Customer Spending Patterns:

• Customer A is the highest spender, with a total of $85 spent, followed by Customer B with $74, and Customer C with $36. This indicates a need to focus on retaining high-spending customers through personalized offers and loyalty rewards.

Most Popular Menu Item:

• Ramen is the most purchased item across all customers, indicating its popularity. Marketing efforts could leverage this by promoting ramen-centric deals or special ramen days to attract more customers.

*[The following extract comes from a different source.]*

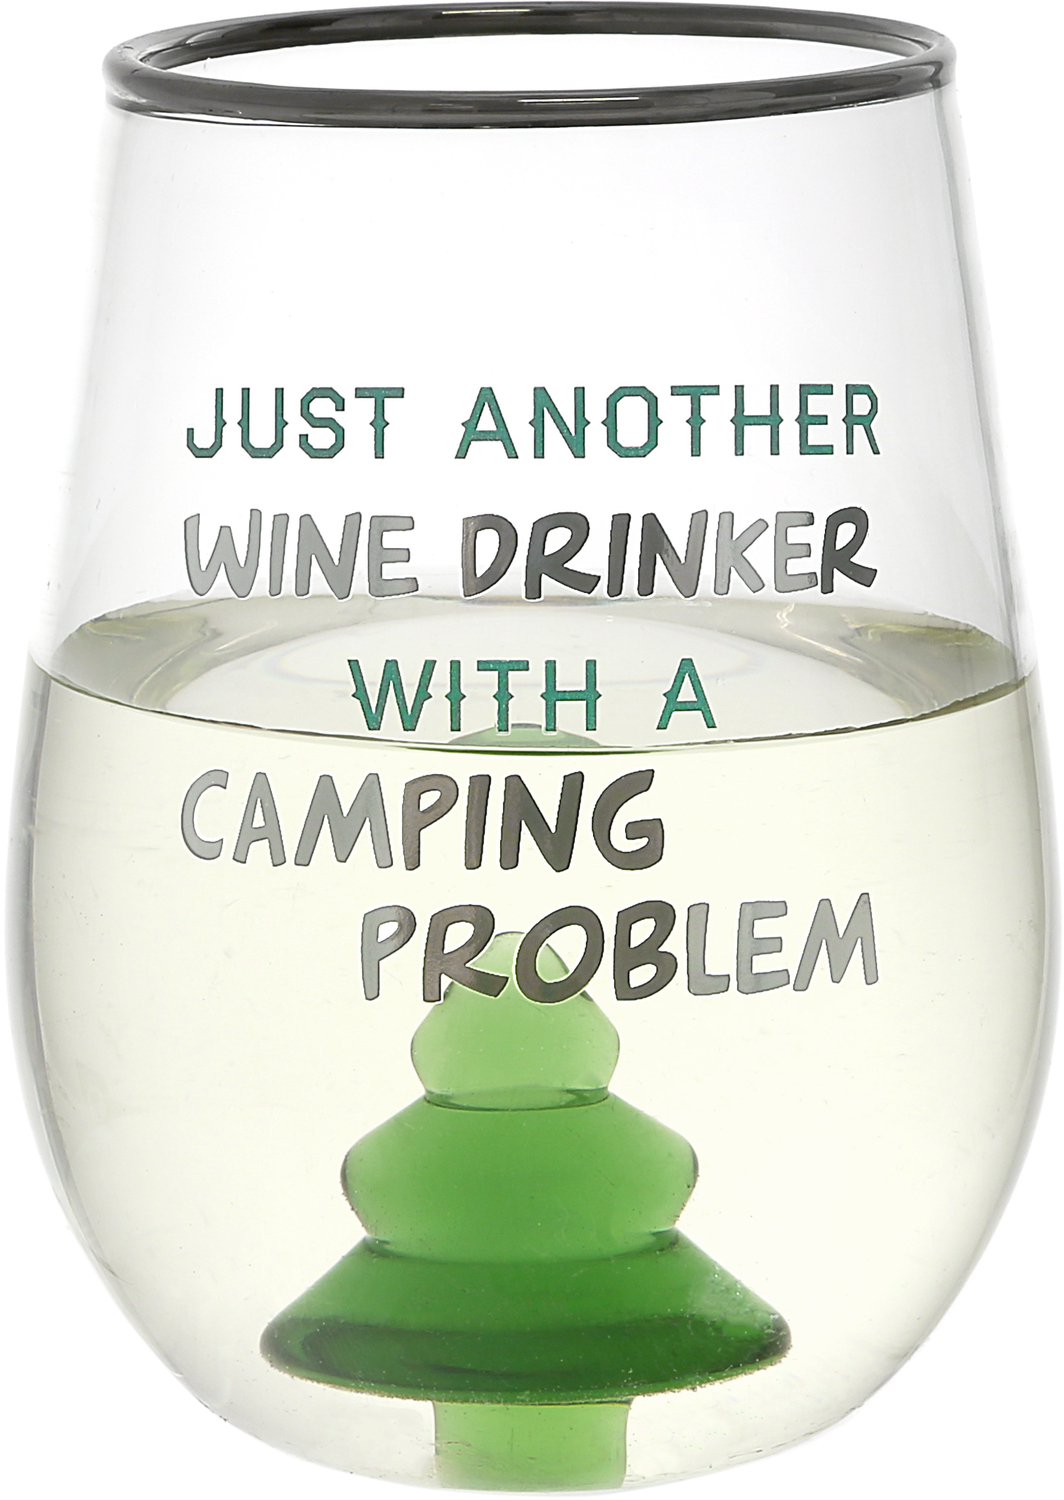 Camping Problem - Pine Tree by We People - Camping Problem - Pine Tree - 19 oz. Stemless Wine Glass with 3-D Figurine

Impact of Membership Program:

• Members tend to continue purchasing their favorite items even after joining the loyalty program, with sushi being a preferred choice. Enhancing the membership benefits, like exclusive member-only sushi discounts, could further encourage frequent visits.

Customer Visit Frequency:

• Customer A visited the diner on the most days, highlighting their loyalty. Analyzing the visit frequency can help in identifying peak times and days for each customer, enabling targeted marketing campaigns to increase foot traffic during off-peak times.

Recommendations

• Focus on High-Spenders: Develop personalized marketing strategies for high-spending customers to ensure their loyalty and increase their visit frequency.
• Leverage Popular Items: Use popular items like ramen to attract more customers by promoting special deals and events centered around these items.
• Enhance Membership Benefits: Offer exclusive benefits and promotions to encourage non-members to join and existing members to remain loyal.
• Analyze Visit Patterns: Utilize visit frequency data to identify and target peak and off-peak times with tailored promotions.
• Optimize Loyalty Points System: Regularly update and promote the loyalty points system, ensuring customers are aware of how they can maximize their rewards through strategic spending and participation in promotions.